For the other building shapes, the best design combinations (namely the inflection points of the point set at the bottom left in Figure 2) had similar values around point (1.0, 1.0) in the coordinate system. Nevertheless, the maximum values of Cd/Cref and Et/Eref were different. The courtyard shape had a smaller (Cd/Cref)max (1.4) than the others due to its small building depth, which promotes indoor air convection and helps dissipate indoor heat. In addition, the C shape exhibited the lowest (Et/Eref)max of 1.7. The rectangle and high-rise type had the highest (Et/Eref)max of approximately 2.2, which indicated that for these two types of buildings, inappropriate geometry design led to larger energy consumption than for other building shapes.
It is also worth noting that the results of the rectangle, H, and Ha shapes were clearly grouped into several lines. This phenomenon was caused by the orientation effect. Figure 3 distinguishes the design results in terms of four rotation angles, where results consisting of 0° and 180° were more to the left on the X-axis than those of 90° and 270°, indicating that the summer discomfort time at 90° and 270° was relatively higher. The 90° and 270° rotated models had more west-oriented rooms where the direct sunlight time is prolonged in the afternoon, thus increasing indoor temperature. It was particularly obvious for the rectangle shape, since it varied the most in the different-facing rooms due to orientation change. Table 6 presents the ranges of the south window area ratio for all shapes. The south window area ratio refers to the percentage of windows on the south walls of the building, indicating the geometric anisotropy of the buildings as well as the solar heat gain variation from openings due to orientation change. The rectangle shape had the maximum variation range, followed by the H and Ha shapes. On the other hand, energy demand was much less affected by orientation since the results had no significant deviation on the Y-axis.
Moreover, it can be seen from Figure 3 that the results of a 0° rotation angle (red dots) were very similar to the results of 180° (orange dots) for the three building types. The results at 90° (blue dots) and 270° (green dots) exhibited the same phenomenon. From a geometric point of view, these two pairs were completely symmetrical, with the only difference being the organization of the internal space. This reflected that the arrangement of internal spaces only had a marginal effect on building energy demand and indoor thermal comfort.

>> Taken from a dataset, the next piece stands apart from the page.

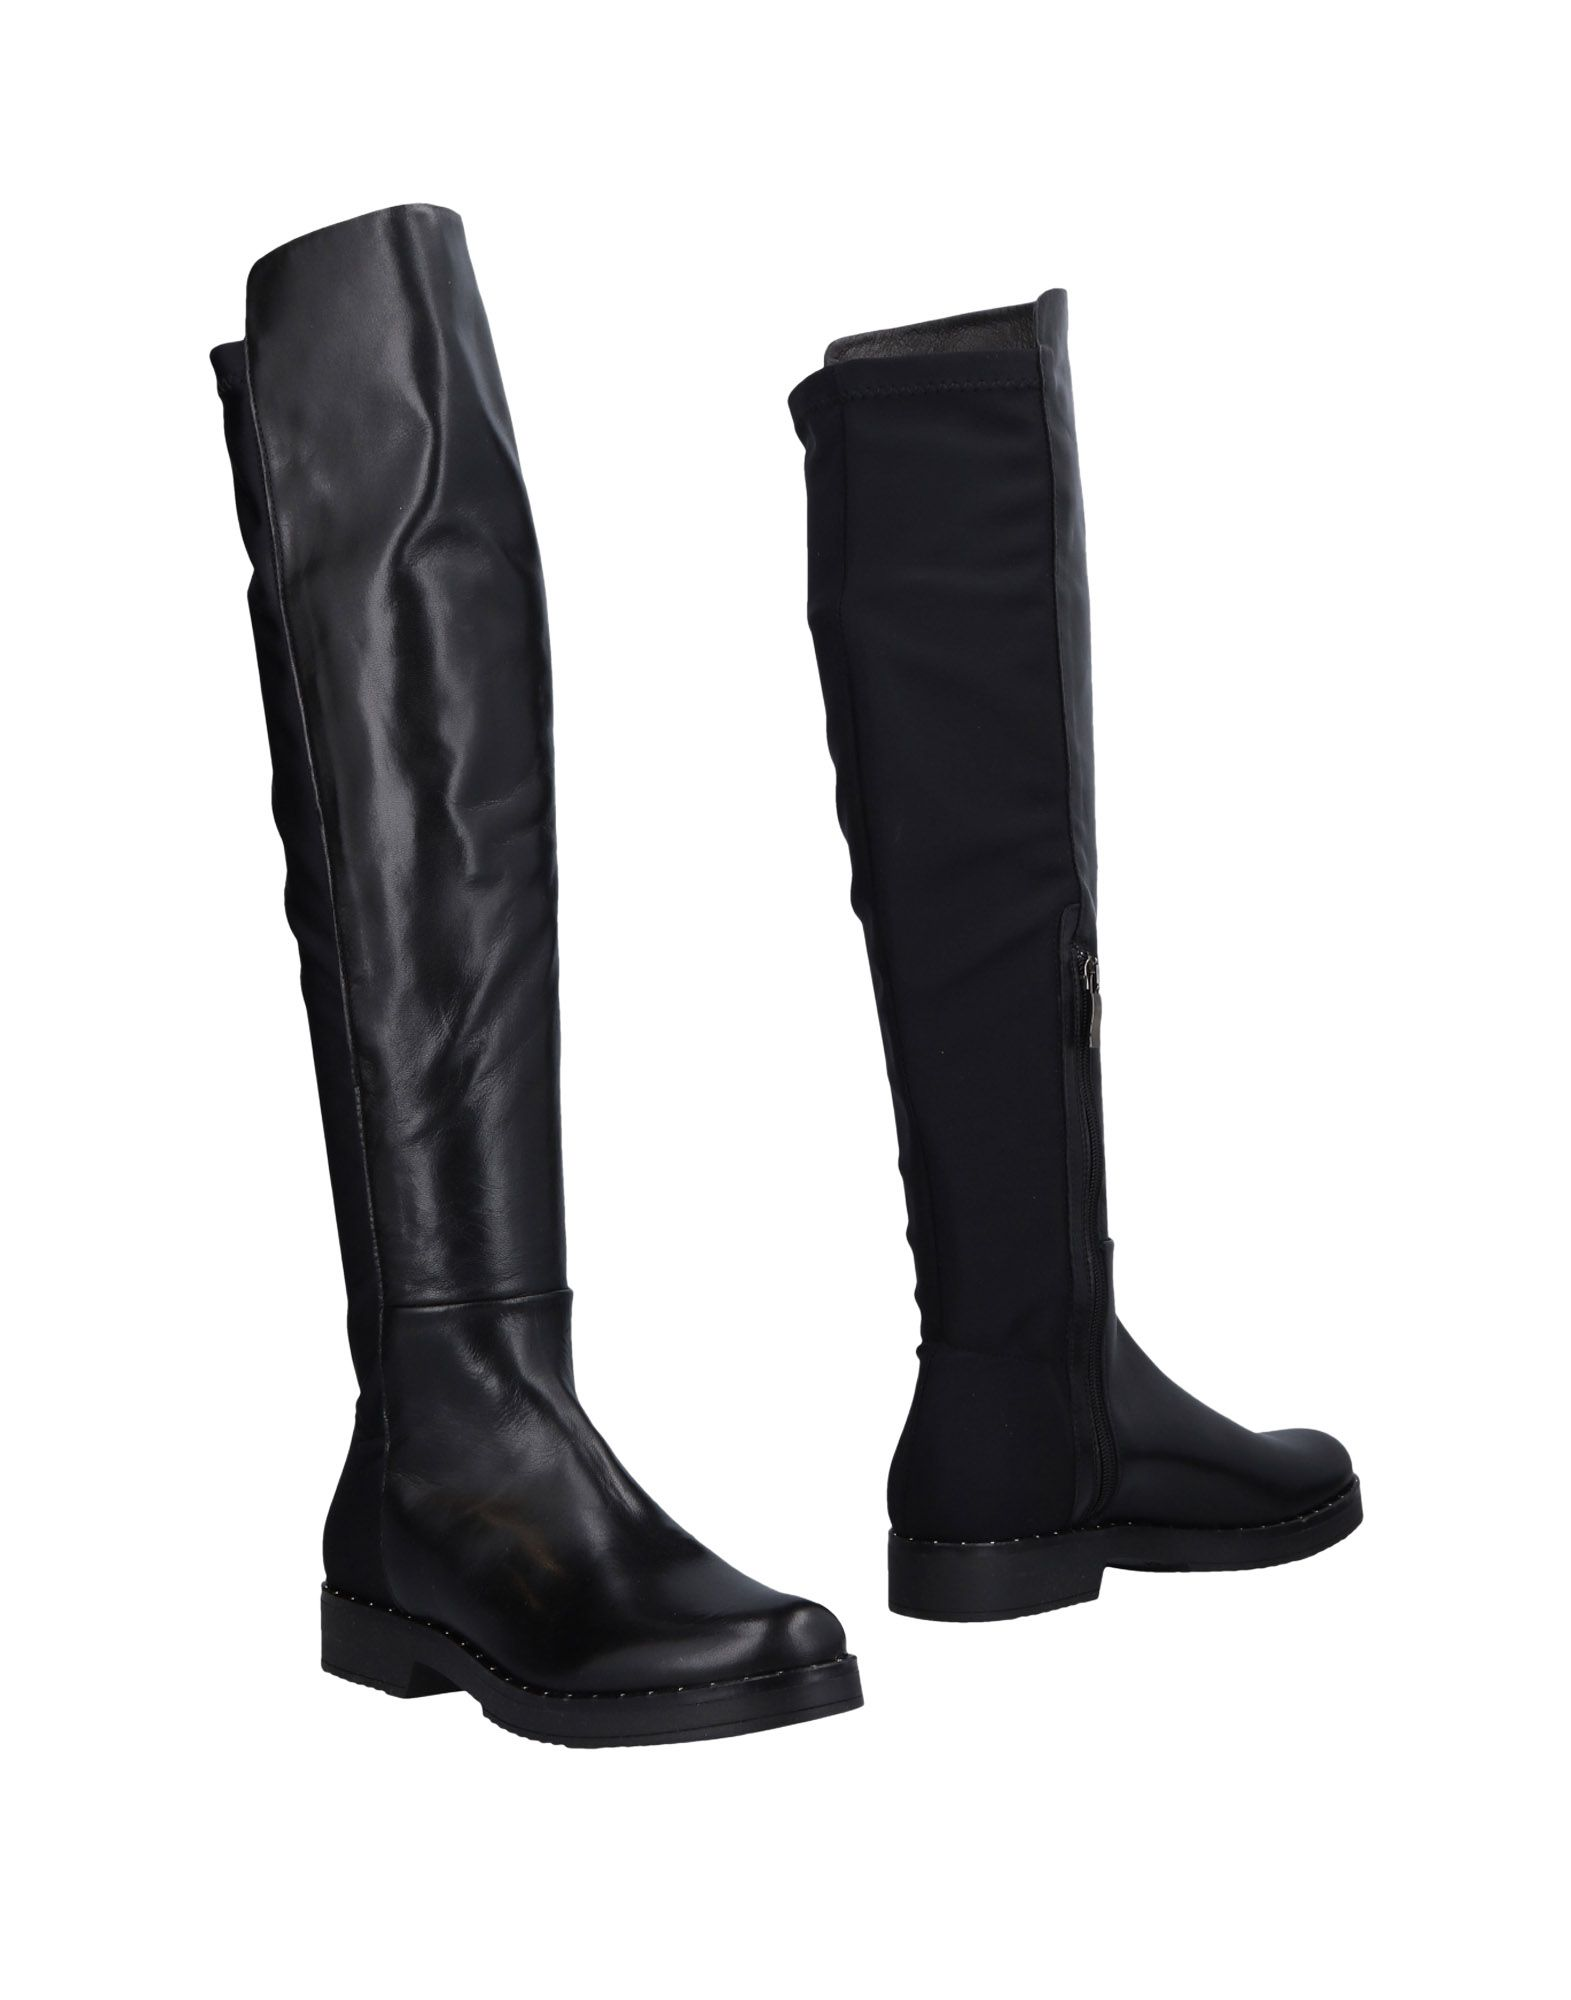 Moda Stivali Mally Mally Stivali Donna - 11474199QM 3f0c33

To explore the effect of room depth on energy demand and thermal comfort, the results of the L shape were used as an example and classified according to the four investigated room depths (Figure 4), and the distribution of the results differed as the room depth increased. The results varied along a hyperbolic trajectory as the room depth varied: when the room became deeper, the points extended towards the X-axis direction; when the room became shallower, the points extended towards the Y-axis direction. For a room depth of 6 m, the maximum Et/Eref reached around 2.0 and the maximum Cd/Cref was only 1.4. When the room depth increased to 12 m, the maximum Et/Eref reduced to 1.3 and the maximum Cd/Cref rose to 2.0. This indicated that the deep-plan buildings generally had a lower energy demand and higher summer discomfort time than the shallower buildings. Figure 5 shows the energy consumption for the L shape buildings (south-oriented, 40% WWR) in terms of different room depths. When the room became deeper, the lighting energy increased, while heating and total energy consumption both decreased. The increased lighting energy consumption increased the internal heat gain of buildings. In summer, this contributes to the increase of indoor discomfort time, while in winter the heating energy consumption of buildings can be saved, leading to a decrease in total energy consumption.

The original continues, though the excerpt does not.